Arzelà–Ascoli Theorem

On a compact metric space, equicontinuity and pointwise boundedness characterize relative compactness in C(K)

Arzelà–Ascoli Theorem

Let $(K,d)$ be a compact metric space and consider $C(K,\mathbb{R})$ with the sup metric $d_\infty(f,g)=\sup_{x\in K}|f(x)-g(x)|.$

A subset $\mathcal{F}\subseteq C(K,\mathbb{R})$ is relatively compact if its closure in $(C(K,\mathbb{R}),d_\infty)$ is compact.

Arzelà–Ascoli Theorem (real-valued, compact metric domain): For $\mathcal{F}\subseteq C(K,\mathbb{R})$ , the following are equivalent:

$\mathcal{F}$ is relatively compact in $(C(K,\mathbb{R}),d_\infty)$ .
$\mathcal{F}$ is equicontinuous on $K$ and pointwise bounded on $K$ .

Equivalently (sequential form): $\mathcal{F}$ is relatively compact if and only if every sequence in $\mathcal{F}$ has a uniformly convergent subsequence (with respect to $d_\infty$ ).

This theorem is the main compactness criterion for families of continuous functions and is central in existence proofs and approximation theory.

Proof sketch: ( $\Rightarrow$ ) If $\overline{\mathcal{F}}$ is compact, then any sequence in $\mathcal{F}$ has a uniformly convergent subsequence.
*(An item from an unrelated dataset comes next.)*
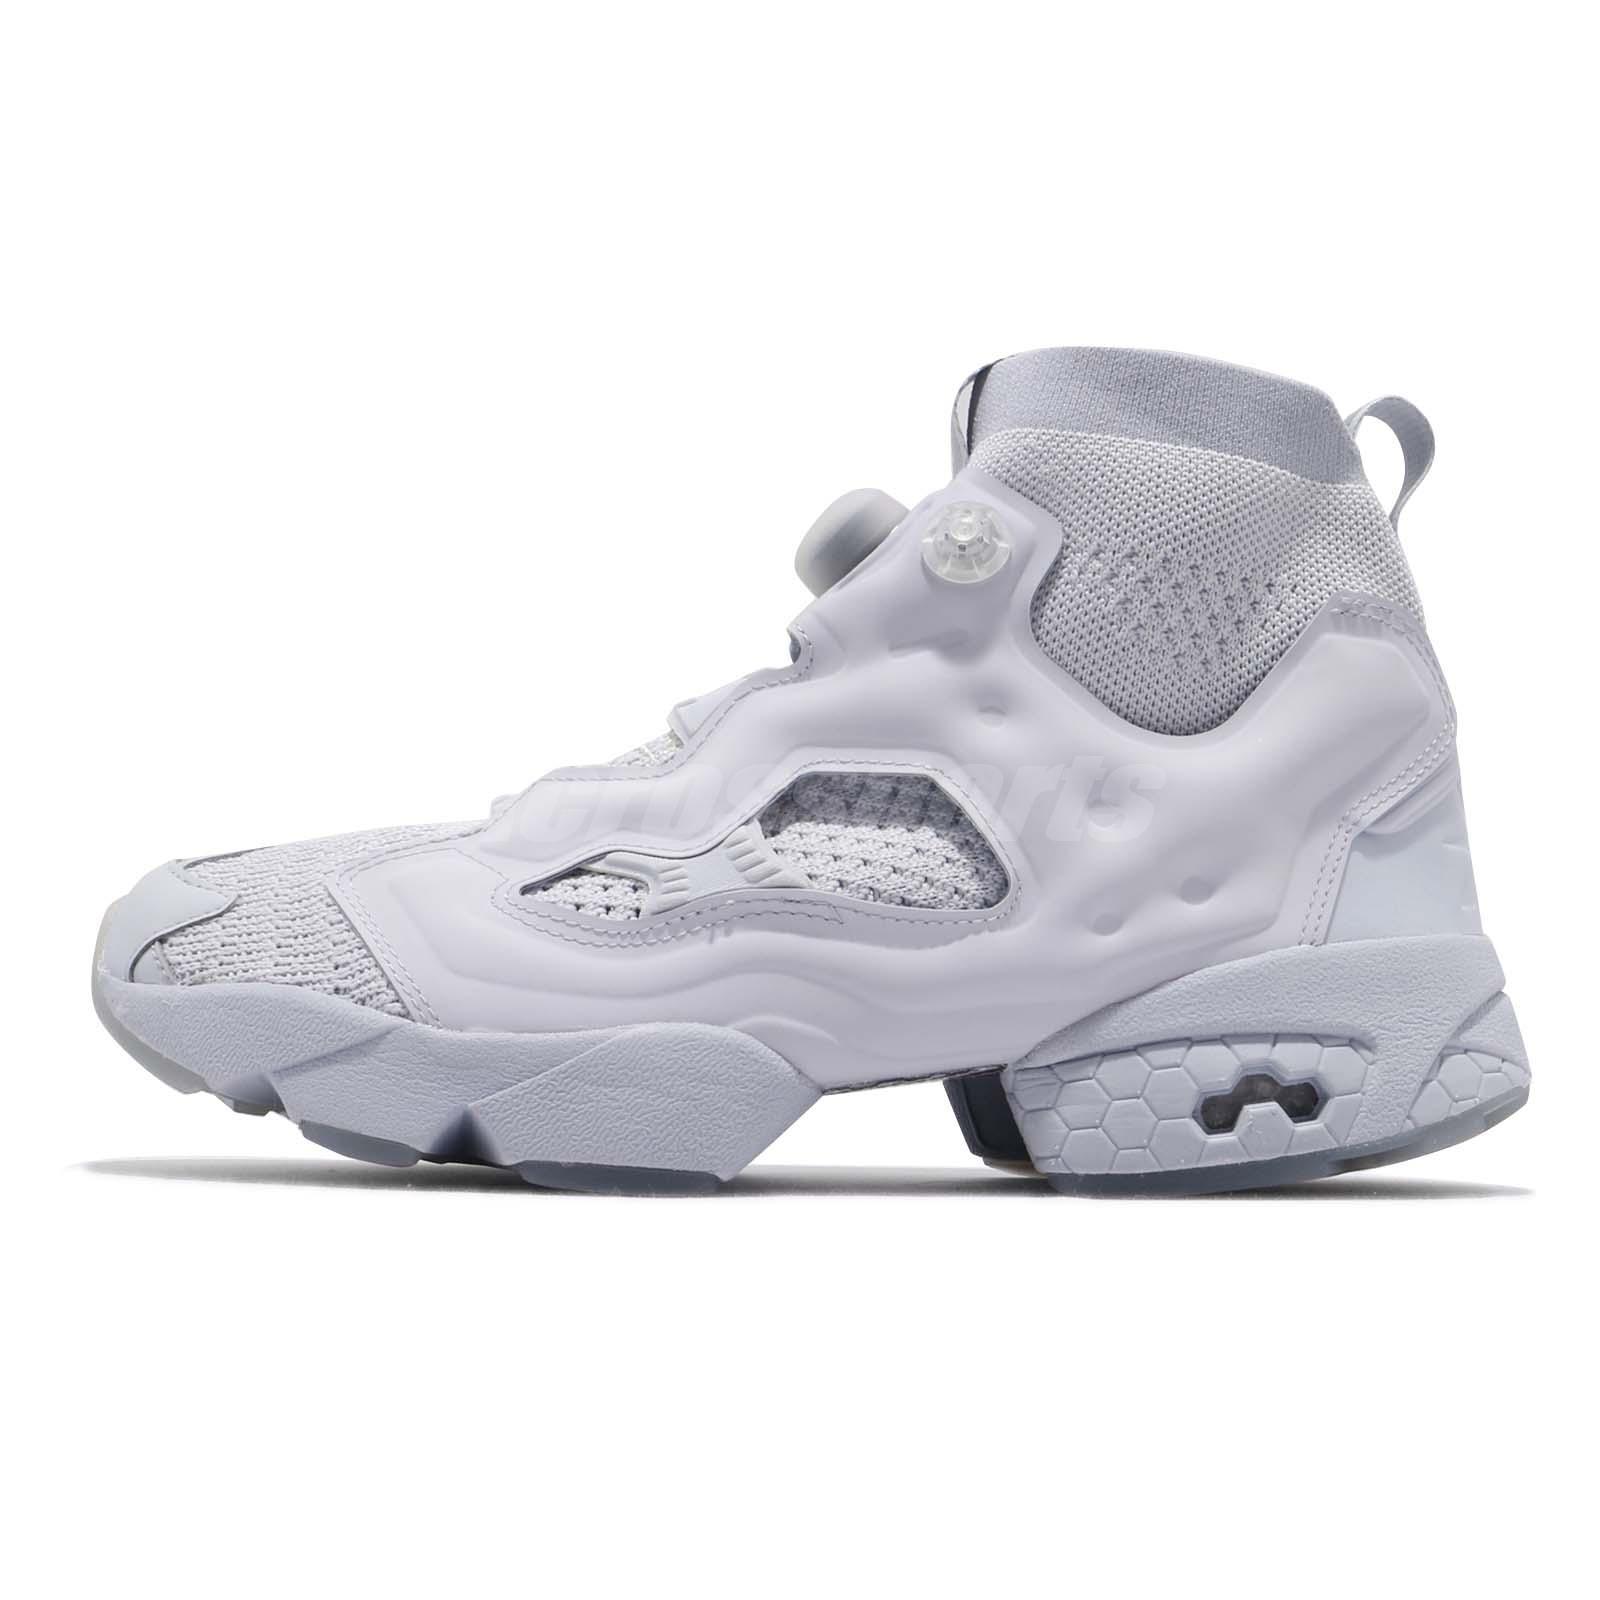 78d11c13e770 Reebok InstaPump Fury OG ULTK Ultraknit Grey Men Lifestyle Shoes Sneakers  CN3799

Pointwise boundedness follows because uniform convergence implies pointwise boundedness of a convergent subsequence and compactness gives uniform boundedness over the compact set. Equicontinuity follows by contradiction: if not equicontinuous, there exist $\varepsilon_0>0$ , functions $f_n\in\mathcal{F}$ , and points $x_n,y_n\in K$ with $d(x_n,y_n)\to 0$ but $|f_n(x_n)-f_n(y_n)|\ge \varepsilon_0$ . Extract a uniformly convergent subsequence $f_{n_k}\to f$ and convergent subsequences $x_{n_k}\to x$ , $y_{n_k}\to x$ (compactness of $K$ ). Then uniform convergence and continuity of $f$ force $|f_{n_k}(x_{n_k})-f_{n_k}(y_{n_k})|\to 0$ , contradicting $\varepsilon_0$ .
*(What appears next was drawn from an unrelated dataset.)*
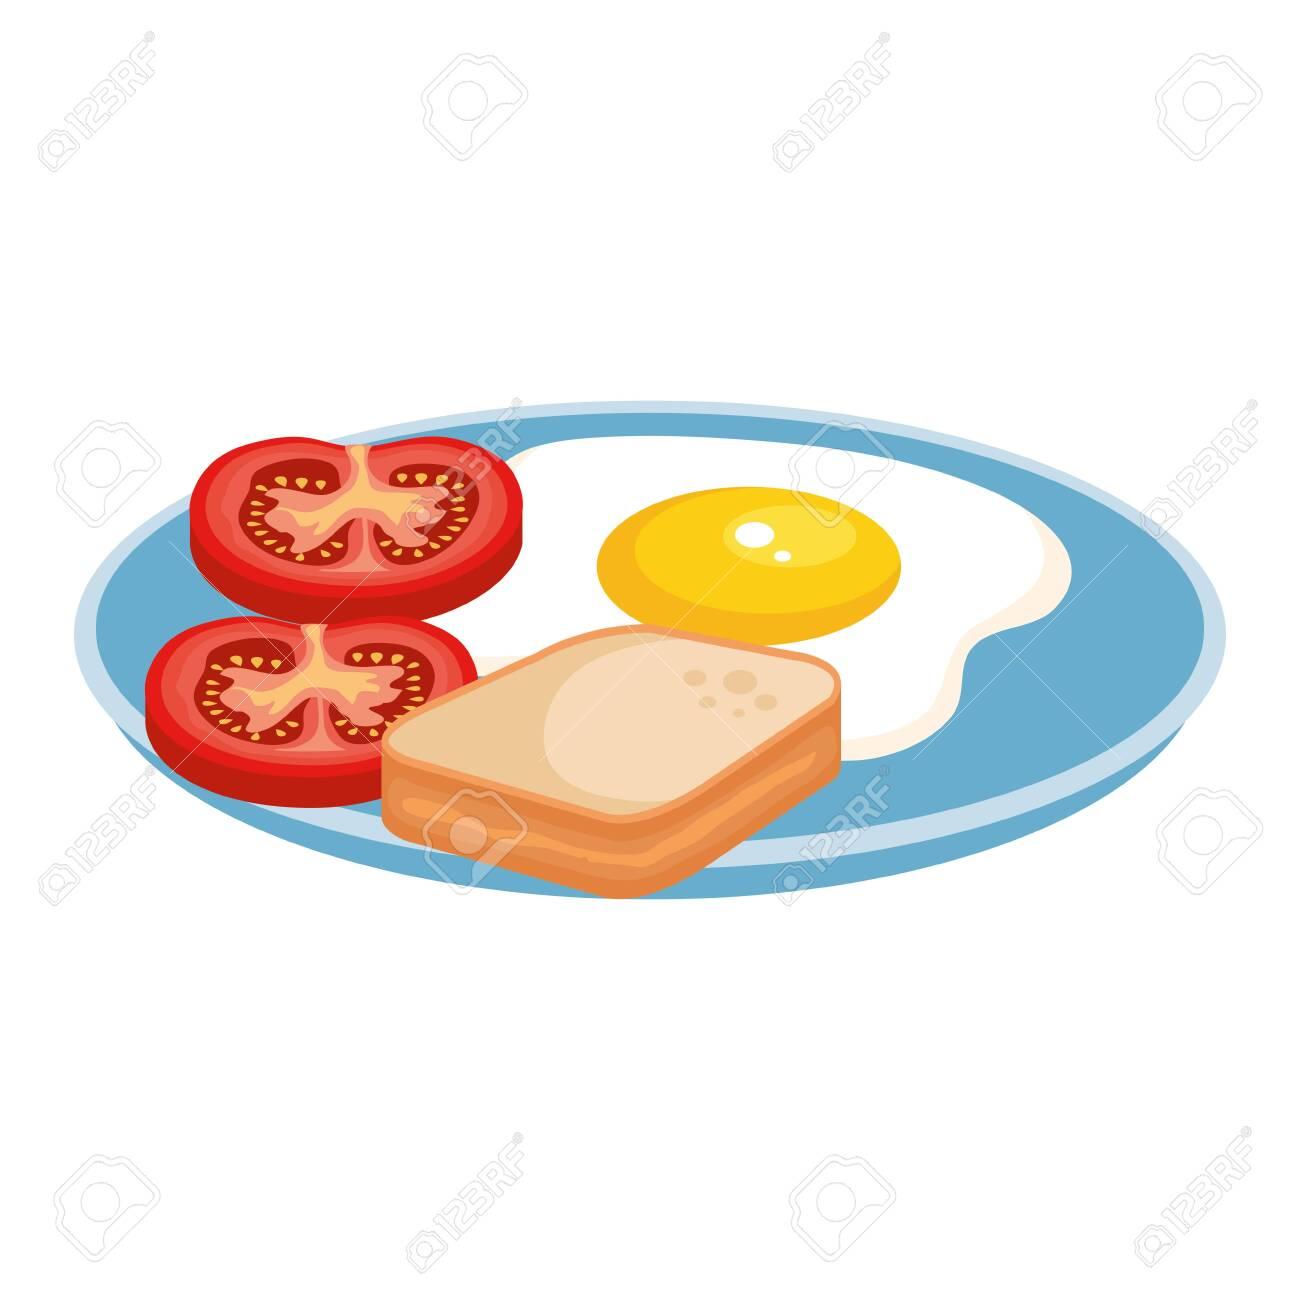 delicious breakfast menu icons vector illustration design - 124175325

( $\Leftarrow$ ) Assume $\mathcal{F}$ is equicontinuous and pointwise bounded. Choose a countable dense subset $D=\{x_1,x_2,\dots\}\subseteq K$ . By pointwise boundedness and Bolzano–Weierstrass in $\mathbb{R}$ , from any sequence $(f_n)$ in $\mathcal{F}$ one can extract a subsequence that converges at $x_1$ ; then extract a further subsequence that converges at $x_2$ ; continue and take a diagonal subsequence $(g_n)$ that converges at every $x_j\in D$ . Equicontinuity then upgrades convergence on the dense set $D$ to uniform convergence on $K$ (using compactness of $K$ to pass from local equicontinuity to global control). The uniform limit is continuous, so the subsequence converges in $C(K,\mathbb{R})$ . Hence every sequence has a uniformly convergent subsequence, so $\mathcal{F}$ is relatively compact.